§ **WHAT YOU WILL DO**: Without the pictures, print the lines from the one holding "Cromme Coaching –" through the last line below, both included, exactly as they stand.

COLLECTED DATA START

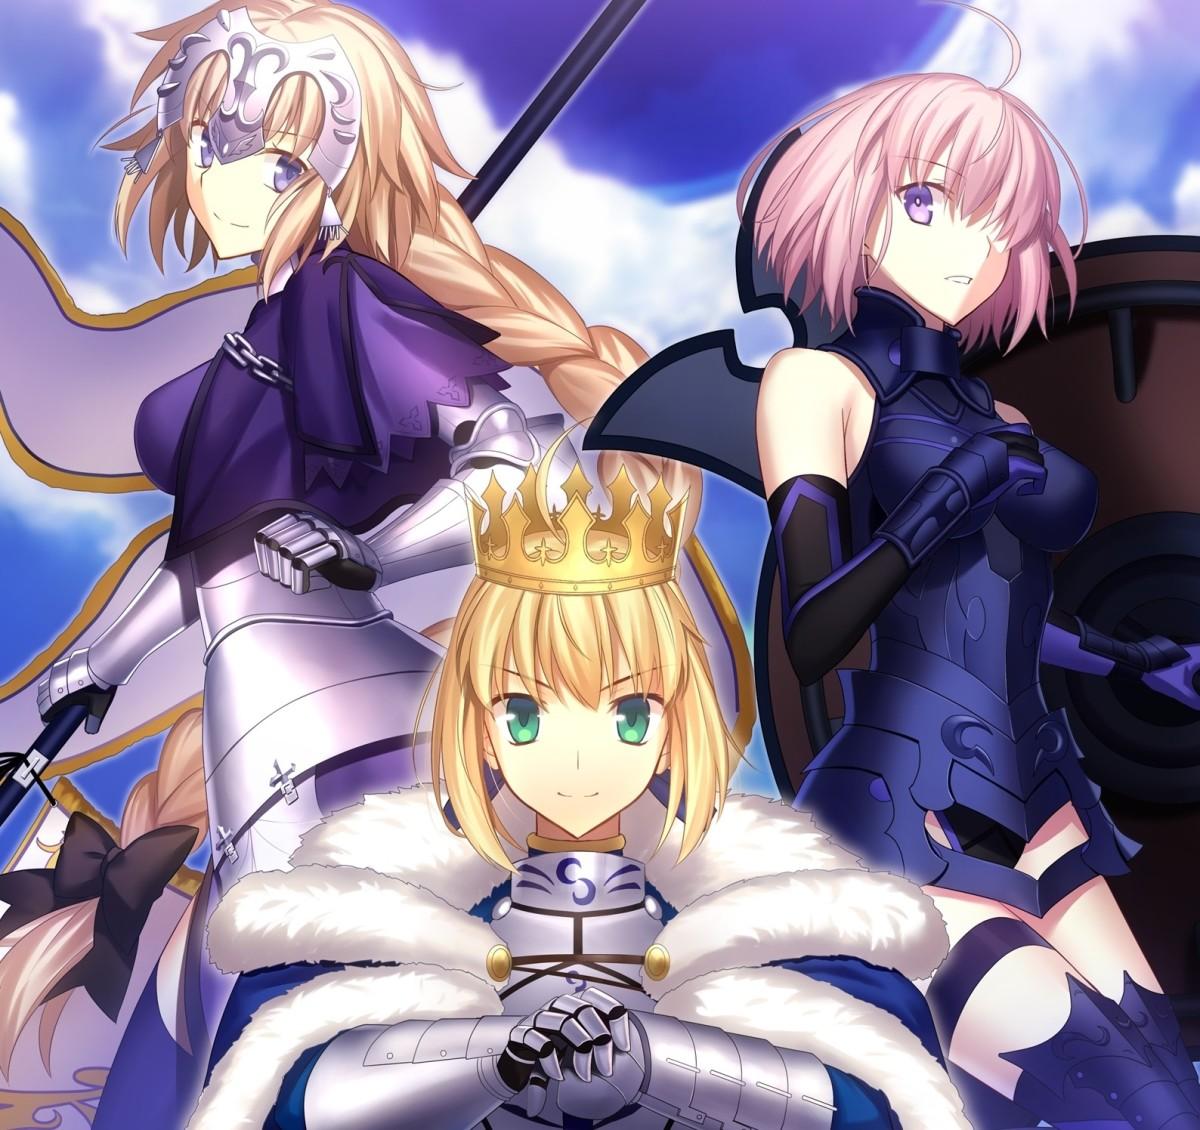 Servants in Fate Grand Order
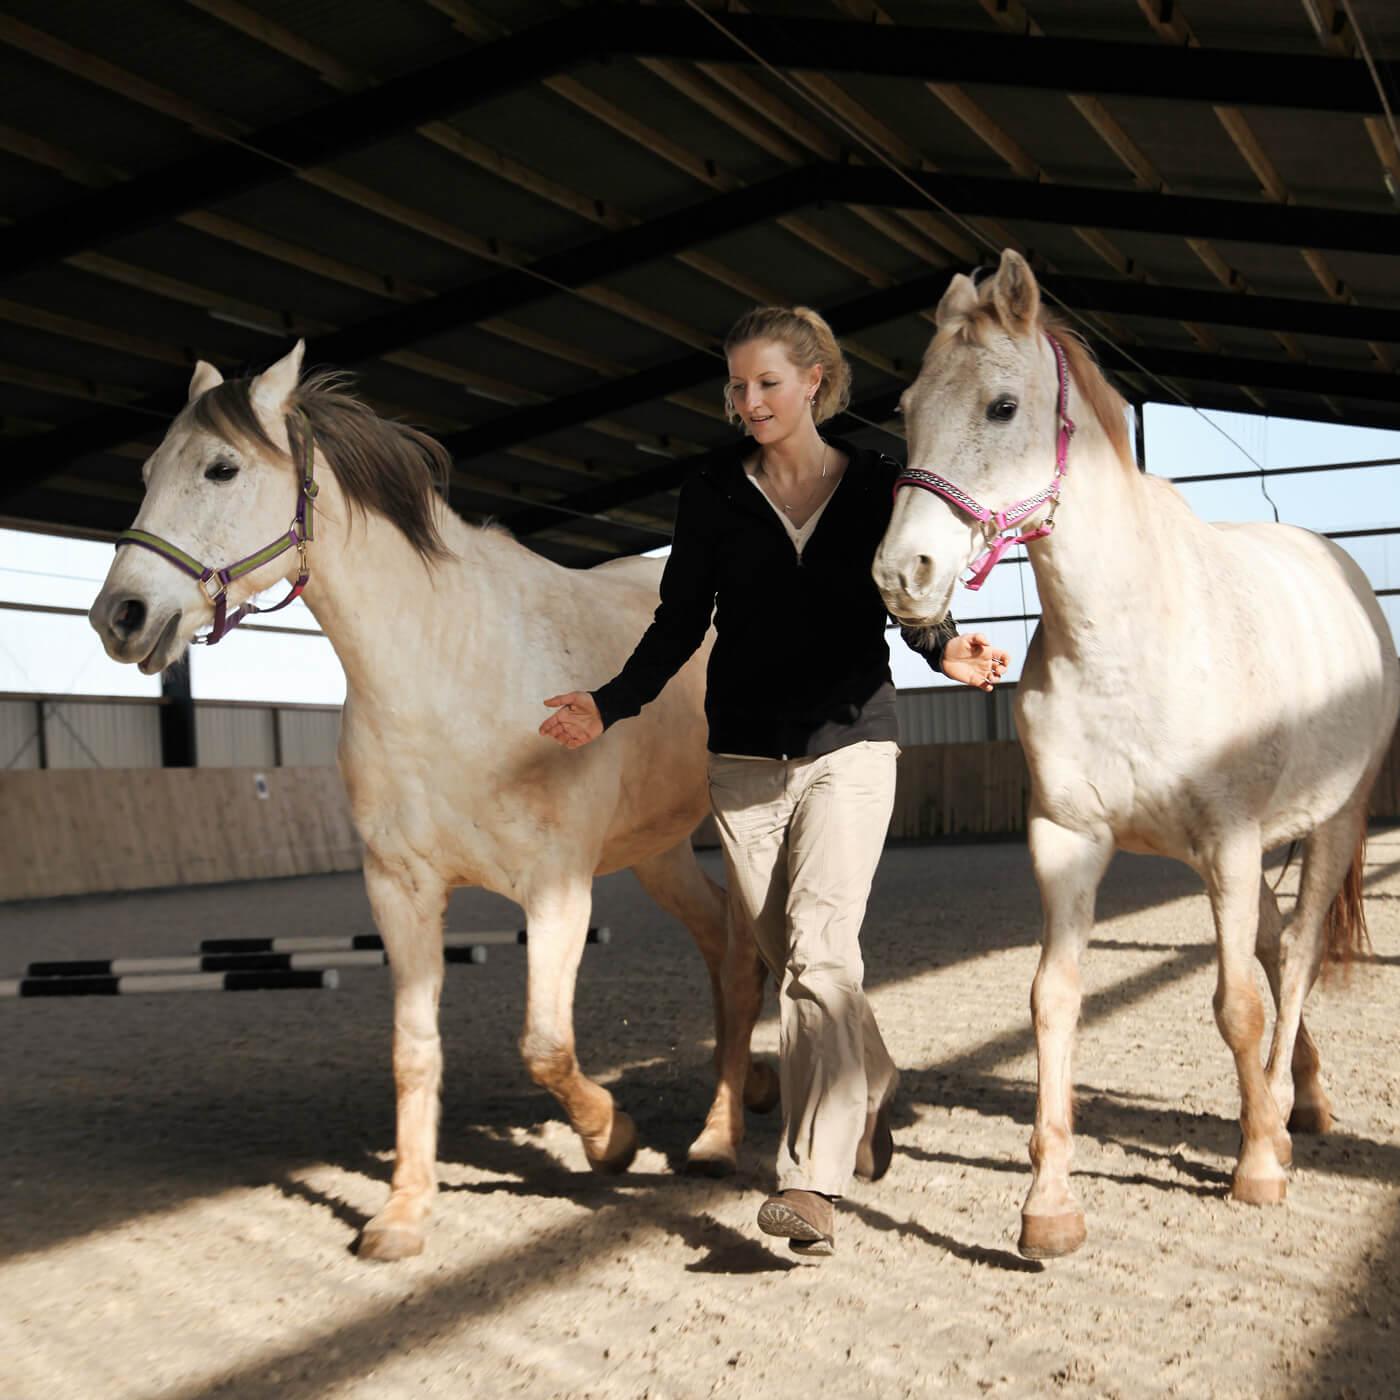 Cromme Coaching – Pferdegestützte Persönlichkeitsentwicklung: Pferde als Experten der Kommunikation spiegeln unsere Körpersprache und zeigen uns so, was wir unbewusst mitteilen.
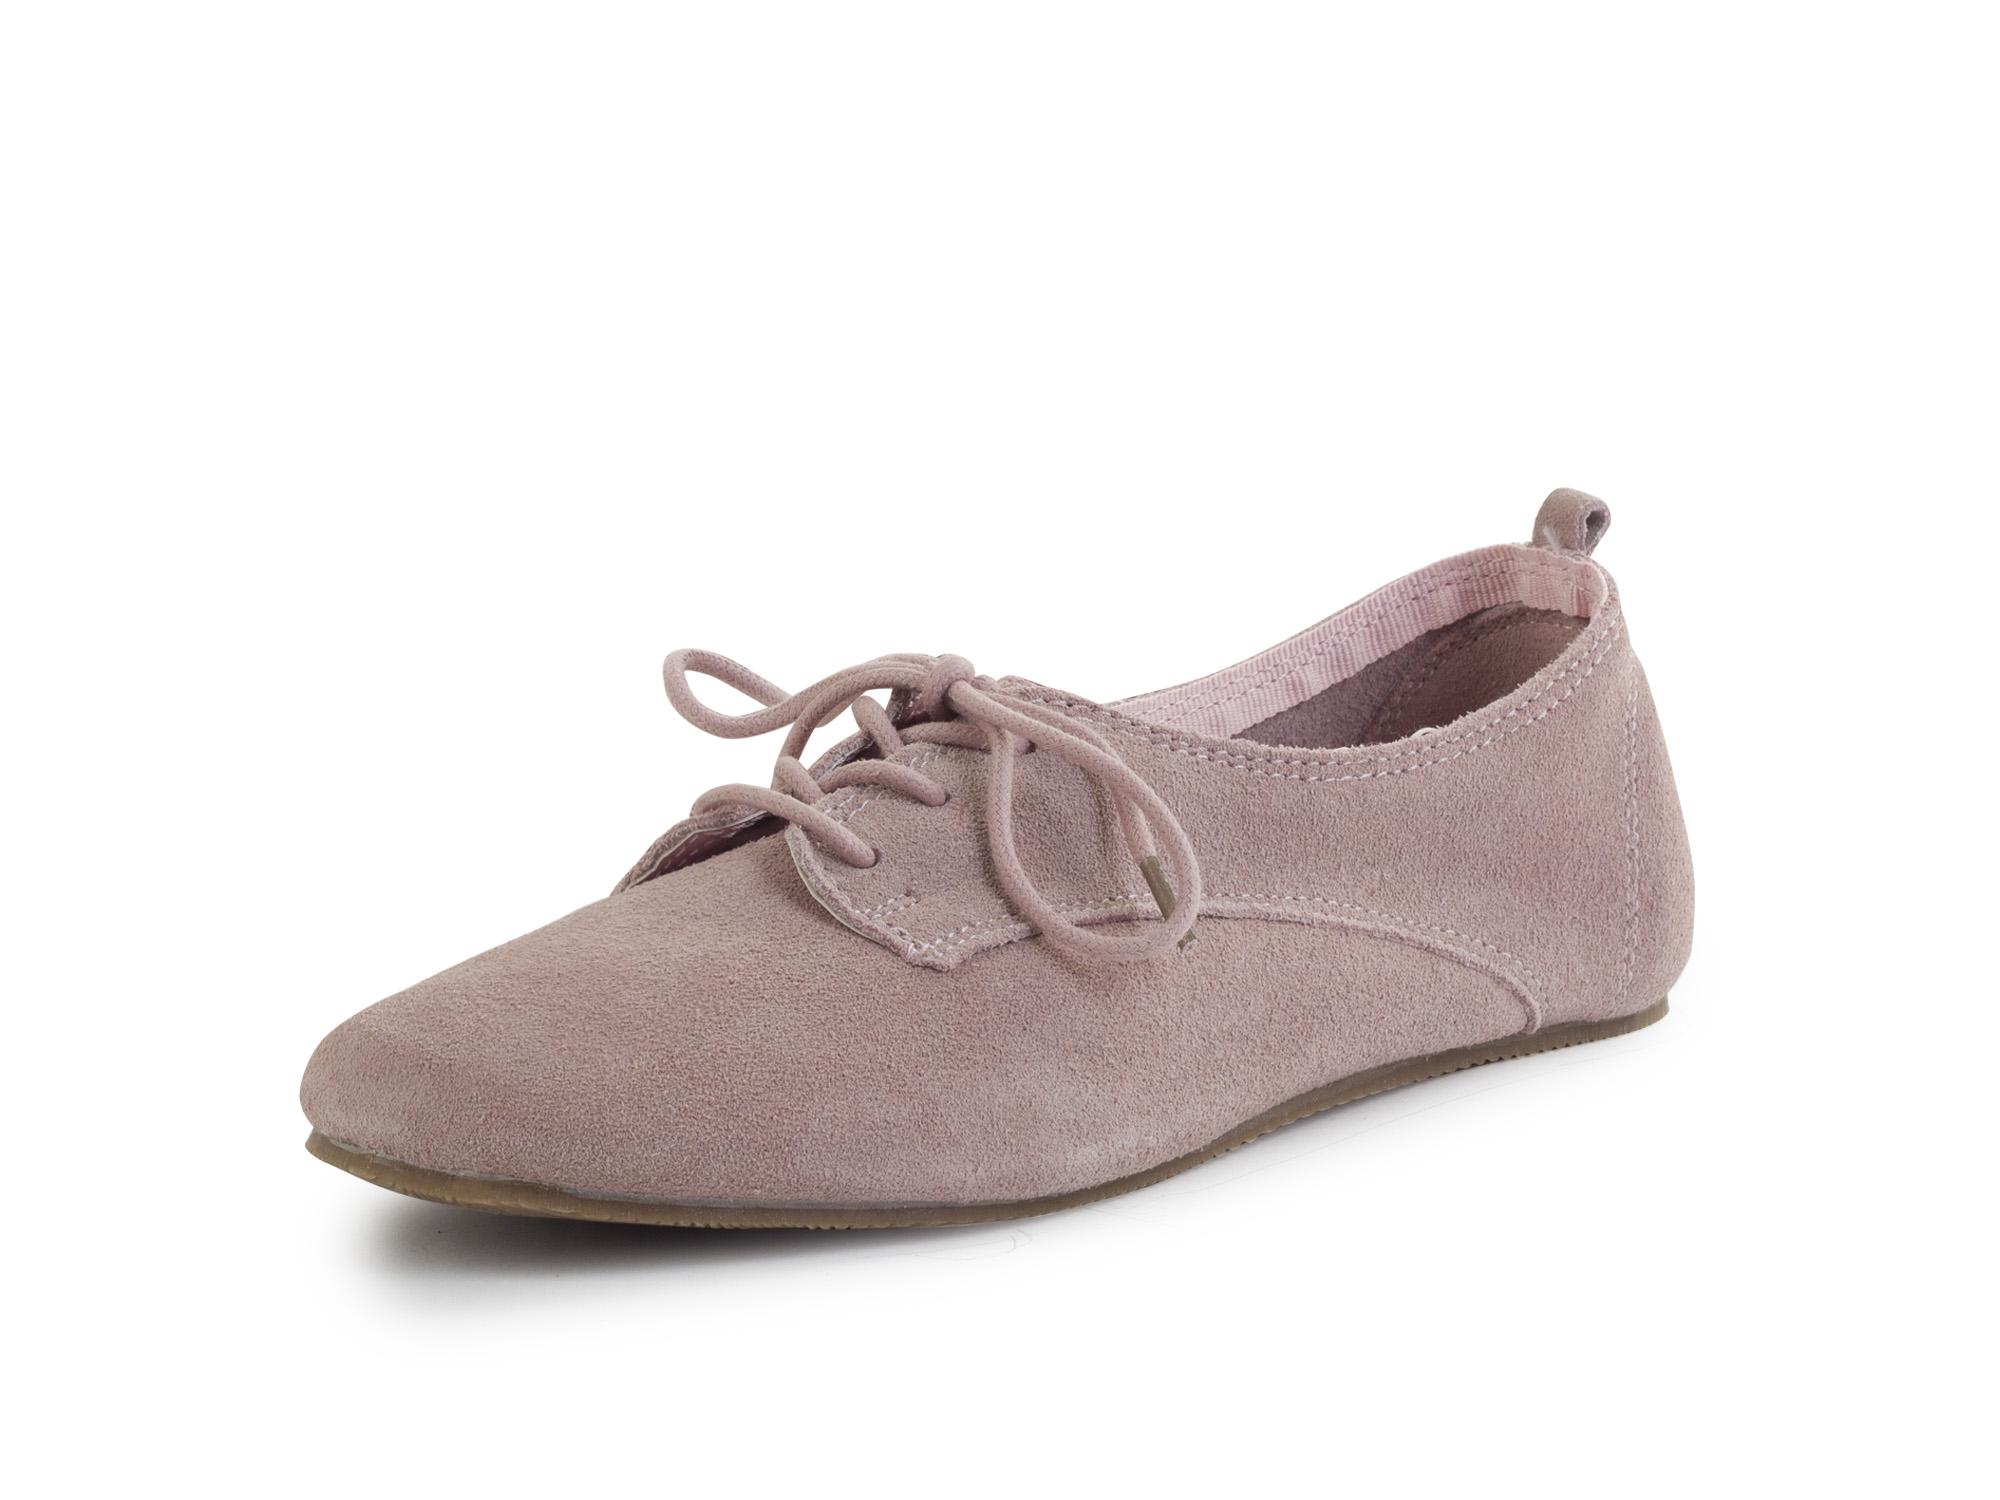 Женские ботинки на весну 2 15 - купить в интернет

COLLECTED DATA END

§ **EXERCISE RESPONSE**:
 Cromme Coaching – Pferdegestützte Persönlichkeitsentwicklung: Pferde als Experten der Kommunikation spiegeln unsere Körpersprache und zeigen uns so, was wir unbewusst mitteilen.
 Женские ботинки на весну 2 15 - купить в интернет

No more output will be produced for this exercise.